В самом деле, посреди широкой бухты можно было различить до
шести больших кораблей, которые напоминали поросшие кустарником утесы.
Причудливые, бесформенные, огромные, снабженные выступами, башнями, водорезами,
они так глубоко сидели в воде, точно собирались пустить корни.
Было непонятно, как все это могло передвигаться, меняться
местами, – до того тяжелыми казались эти словно приросшие ко дну суда.
Плавучая батарея, высокая и круглая, как обсерватория, напоминала маяк, стоящий
на подводной скале.
Мимо них, весело развернув свои белые паруса, прошло в
открытое море большое трехмачтовое судно. Рядом с этими военными чудовищами,
отвратительными железными чудовищами, грузно сидевшими на воде, оно радовало
глаз своим изяществом и грацией.
Форестье пытался вспомнить названия судов:
– «Кольбер», «Сюфрен», «Адмирал Дюперре», «Грозный»,
«Беспощадный»[73]…
Нет, я ошибся, «Беспощадный» – вон тот.
Экипаж подъехал к обширному павильону под вывеской «Художественные
фаянсовые изделия залива Жуан»[74] и,
обогнув лужайку, остановился у входа.
Форестье хотел купить две вазы для своего парижского
кабинета. Выйти из ландо он не мог, и ему стали, один за другим, приносить
образцы. Он долго выбирал, советовался с женой и с Дюруа.
– Ты знаешь, это для книжного шкафа, который стоит у
меня в кабинете. Я буду сидеть в кресле и смотреть на них. Я предпочел бы нечто
античное, нечто греческое.
Он рассматривал образцы, требовал, чтобы ему принесли
другие, и снова обращался к первым. Наконец выбрал, заплатил и велел немедленно
отправить вазы в Париж.
– Я уезжаю отсюда на днях, – твердил он.
Когда они на обратном пути ехали вдоль залива, из лощины
внезапно подул холодный ветер, и больной закашлялся.
Сперва можно было подумать, что это так, легкий приступ, но
кашель постепенно усиливался, не прекращаясь ни на секунду, и наконец перешел в
икоту, в хрипение.
Форестье задыхался; при каждом вздохе кашель, клокотавший у
него в груди, раздирал ему горло. Ничто не могло успокоить, остановить его. Из
экипажа больного пришлось на руках перенести в комнату; Дюруа держал его ноги и
чувствовал, как они вздрагивали при каждом конвульсивном сжатии легких.

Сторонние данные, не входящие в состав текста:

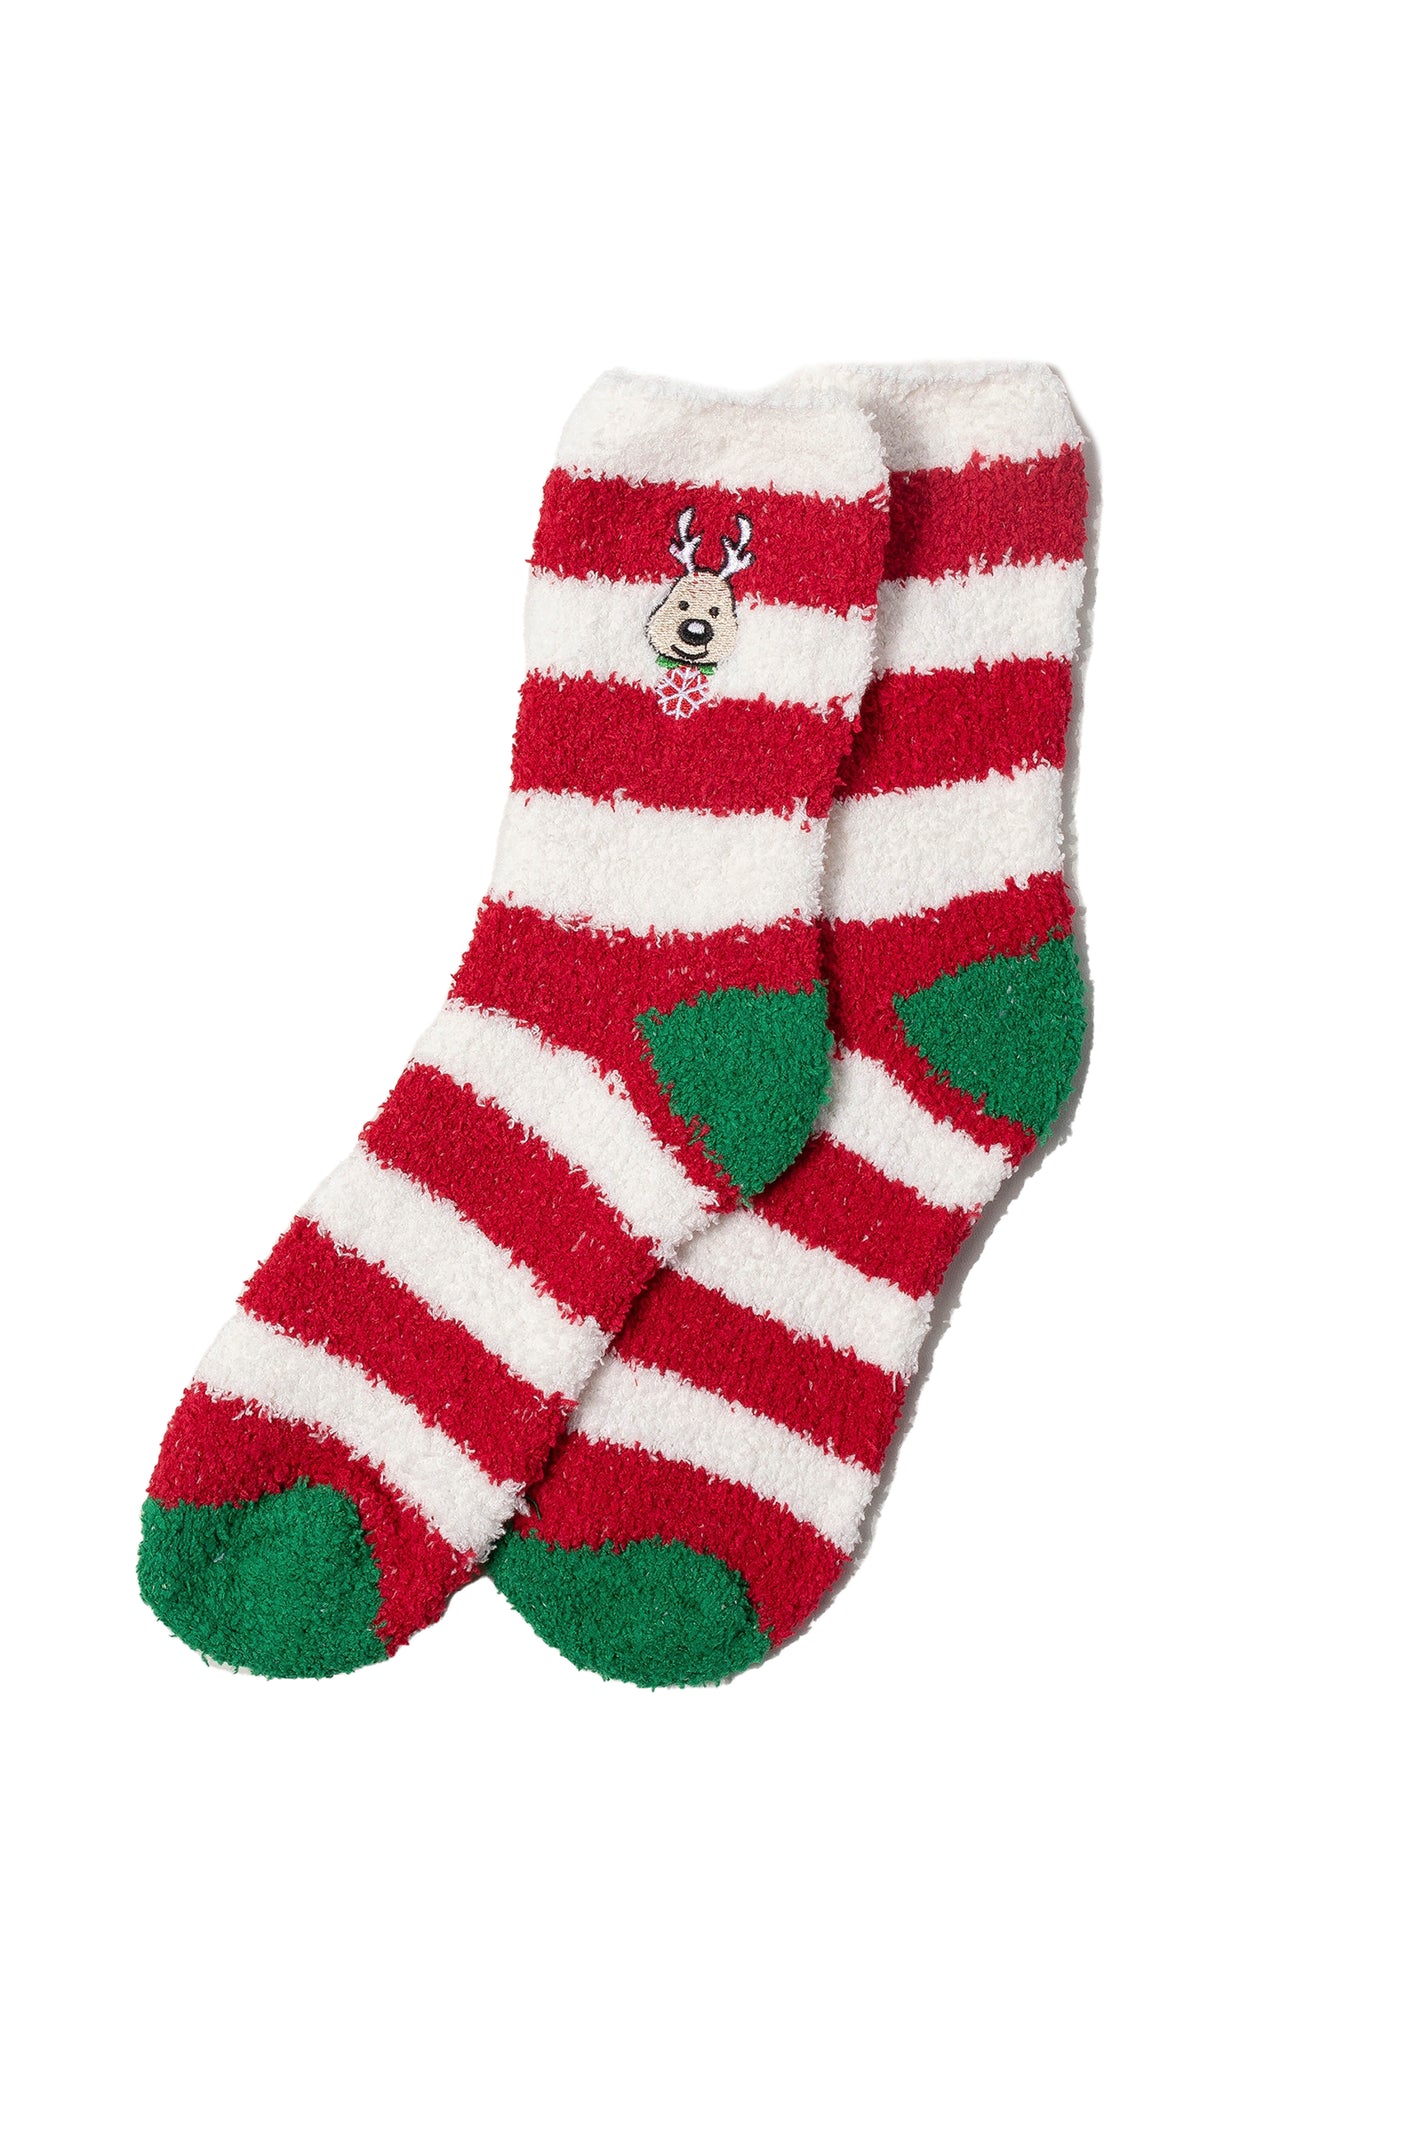 5415  -Assorted Christmas Sleep Socks (Multi Color) - FINAL SALE

Теплая постель не помогла Форестье, – приступ длился до
полуночи. В конце концов наркотические средства прервали эти предсмертные
спазмы. И больной не смыкая глаз до рассвета просидел в постели.
Первыми его словами были: «Позовите парикмахера», –
Форестье по-прежнему брился каждое утро. Он нашел в себе силы встать для этой
процедуры, но его тотчас же снова пришлось уложить в постель, и короткое,
тяжелое, затрудненное дыхание больного до того испугало г-жу Форестье, что она
велела разбудить Дюруа, который только что лег, и попросила его сходить за
доктором.
Дюруа почти тотчас же привел доктора, некоего Гаво. Доктор
прописал микстуру и дал кое-какие указания. Но Жоржу, который, чтобы узнать
правду, пошел проводить его, он сказал следующее:
– Это агония. Он не доживет до утра. Предупредите эту
бедную молодую даму и пошлите за священником. Мне здесь больше нечего делать.
Впрочем, я всегда к вашим услугам.
Дюруа велел позвать г-жу Форестье.
– Он умирает. Доктор советует послать за священником.
Как вы думаете?
Она долго колебалась, но наконец, взвесив все, медленно
проговорила:
– Да, так будет лучше… Во многих отношениях… Я его
подготовлю, скажу, что его желает видеть священник… Словом, что-нибудь
придумаю. А вы уж, будьте добры, разыщите священника. Постарайтесь найти
какого-нибудь попроще, который ничего из себя не корчит. Устройте так, чтобы он
ограничился исповедью и избавил нас от всего остального.
Дюруа привел сговорчивого старичка, который сразу понял, что
от него требуется. Как только он вошел к умирающему, г-жа Форестье вышла в
соседнюю комнату и села рядом с Дюруа.
– Это его потрясло, – сказала она. – Когда я
заговорила о священнике, лицо его приняло такое ужасное выражение, точно… точно
он почувствовал на себе… почувствовал на себе дыхание… вы меня понимаете…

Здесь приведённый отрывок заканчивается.